По закону, после того, как в СИЗО поступают документы из суда о вступлении приговора в законную силу, зэка переводят в другую камеру, где сидят уже осужденные (остальные – пока обвиняемые). В «Бутырке» так не делают, меня тоже никуда не перевели. Этапировать должны где-то через десять дней. Но я знал чувака в «Бутырке», который сидел там девять месяцев после приговора. Девять месяцев – это уже многовато, но до полугода – это норма. Мне же, конечно, такое не светило. Администрация «Бутырки» предвкушала скорое избавление от меня. Я достал их своей медийностью и жалобами. Для учреждения уголовно-исполнительной системы публичность – это самый большой страх.
Кстати, «Бутырка» заранее была в курсе исхода апелляции. Это было видно по многочисленным мелким признакам. Например, перед заседанием тетка отдала мне карточки на телефон со словами, мол, скажешь адвокату, пусть привезет такие же, отдаст мне. Я: «Так, может, меня сейчас отпустят». Тетка: «Да? Ну, может, и отпустят. Если не отпустят, не забудь адвокату про карточки сказать».
Я где-то слышал, что сны надо трактовать ровно наоборот. На заседание меня вел мой персональный надзиратель (к тому времени мы уже нормально общались, то есть он сводил меня с ума тщательными обысками до и после прихода адвоката и т. д., но было понятно, что ему это особо не надо – просто указ руководства). Так или иначе, пока он меня конвоировал, мы обычно вели какие-то общие разговоры. Ну и вот. Ведет он меня назад. Говорит: «Мне вчера сон про тебя снился». Я ржу: «Типа, надоел уже так? Расскажи». Он говорит: «Расскажу, если в газету об этом не напишешь» (история со статьей в «Московском комсомольце» про Чубакку всем запомнилась). Я заверил, что не напишу. Он говорит: «Приснилось, что тебя сейчас отпустят, ты выходишь за ворота «Бутырки», там тебя встречают. Обнимаешься с братом». Вот такое антипровидение.

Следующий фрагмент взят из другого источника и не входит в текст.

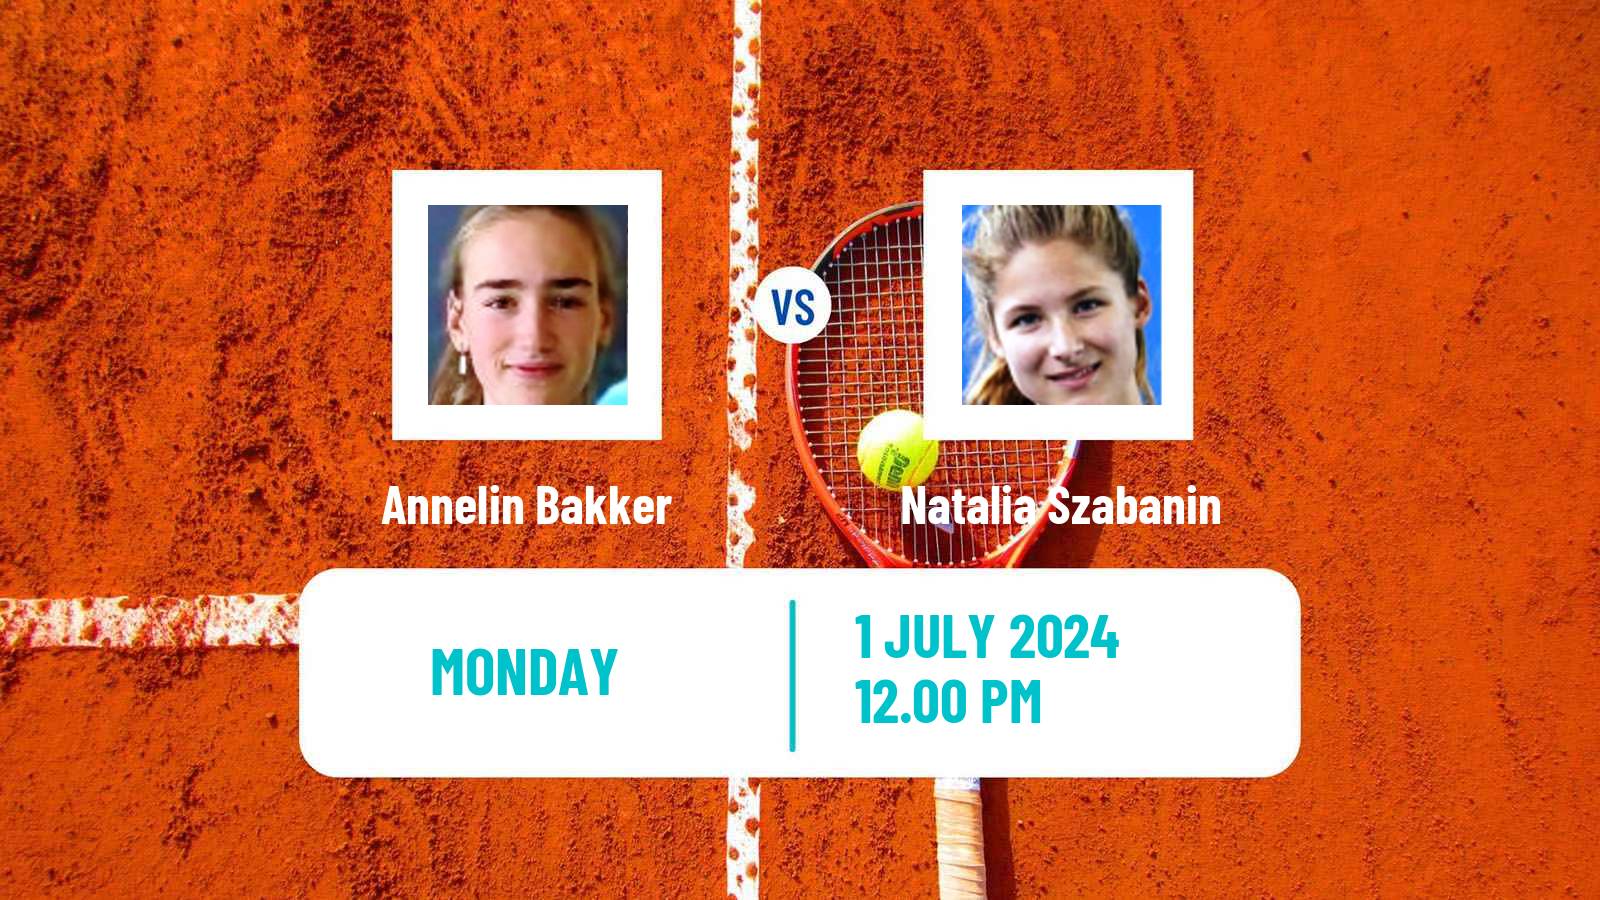 Tennis ITF W35 Amstelveen Women Annelin Bakker - Natalia Szabanin

Этапирование требует подготовки. Родне заказал сигарет (много сигарет) и еды. Во-первых, у меня самого уже был кое-какой опыт – понимал, что брать, а что не надо. Во-вторых, был же Батя, который столько раз этапировался, что знал все досконально.

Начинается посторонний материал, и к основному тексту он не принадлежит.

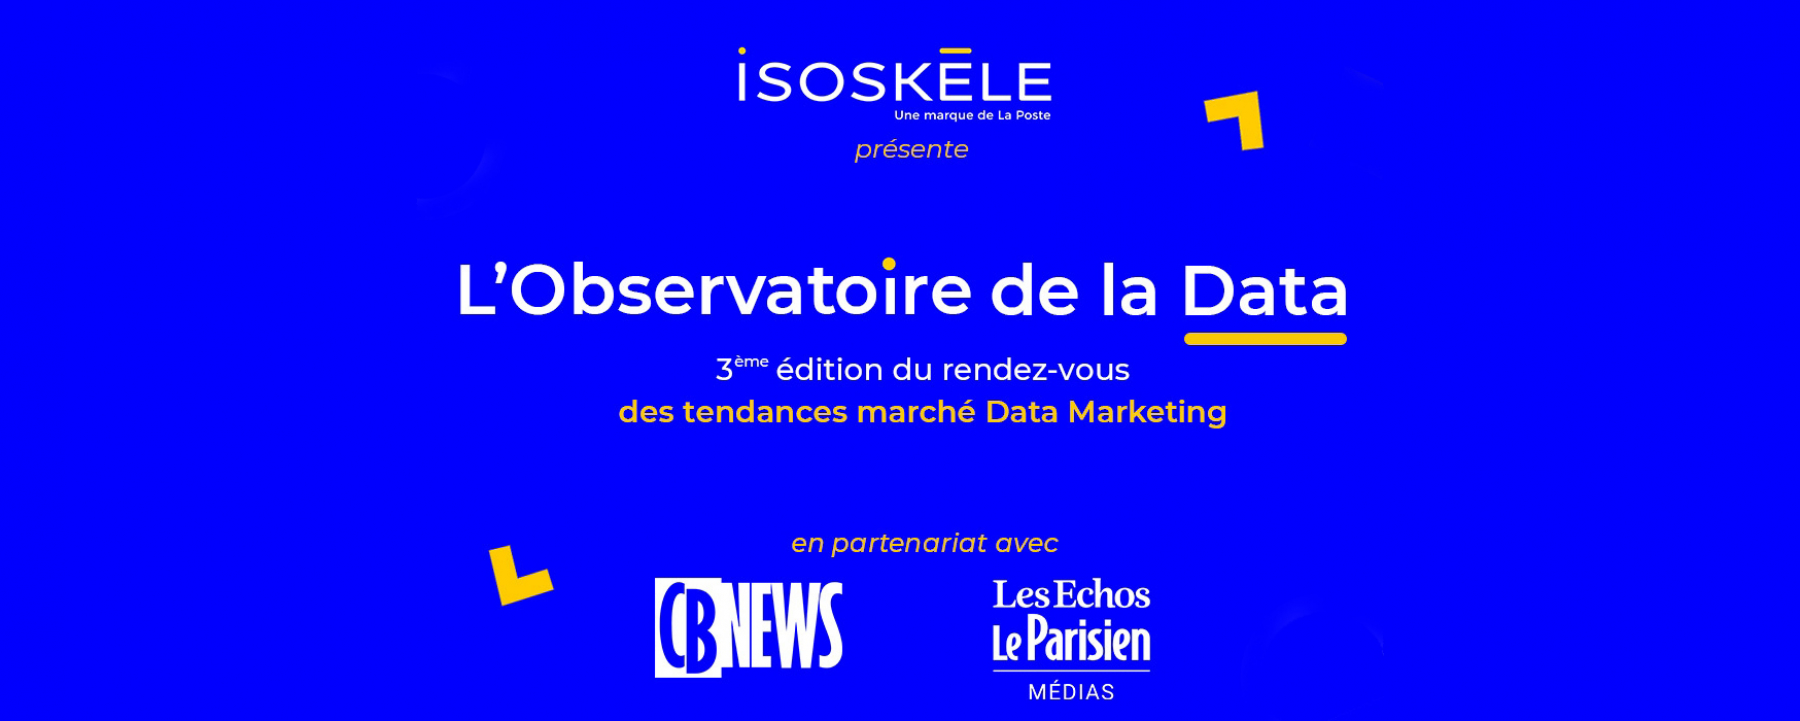 Conférence Observatoire de la Data - 3e Édition organisée par Isoskele

Вообще я скажу так: в СИЗО надо брать с собой сигареты и тапочки, на этап то же самое плюс пустую пластиковую бутылку. Без остального можно обойтись. Меня, понятное дело, укомплектовали по полной – видимо, на случай, если этап будет длиться год. Помимо плотно набитой сумки арестанта, собрали мне здоровенный пакет. Уезжал из СИЗО я с бо́льшим весом, чем приехал туда. Но когда меня отправят, было непонятно.
Когда я уже устал ждать, что меня позовут с грузом на выход, и решил, что сегодня точно не будет этапа, я принялся за стирку своей теплой кофты. Было часов десять вечера. Часа в четыре утра сообщили, что через полчаса мне на выход. Кстати, это большое скотство – обычно говорят вечером накануне, чтобы арестанты могли посидеть-проводить.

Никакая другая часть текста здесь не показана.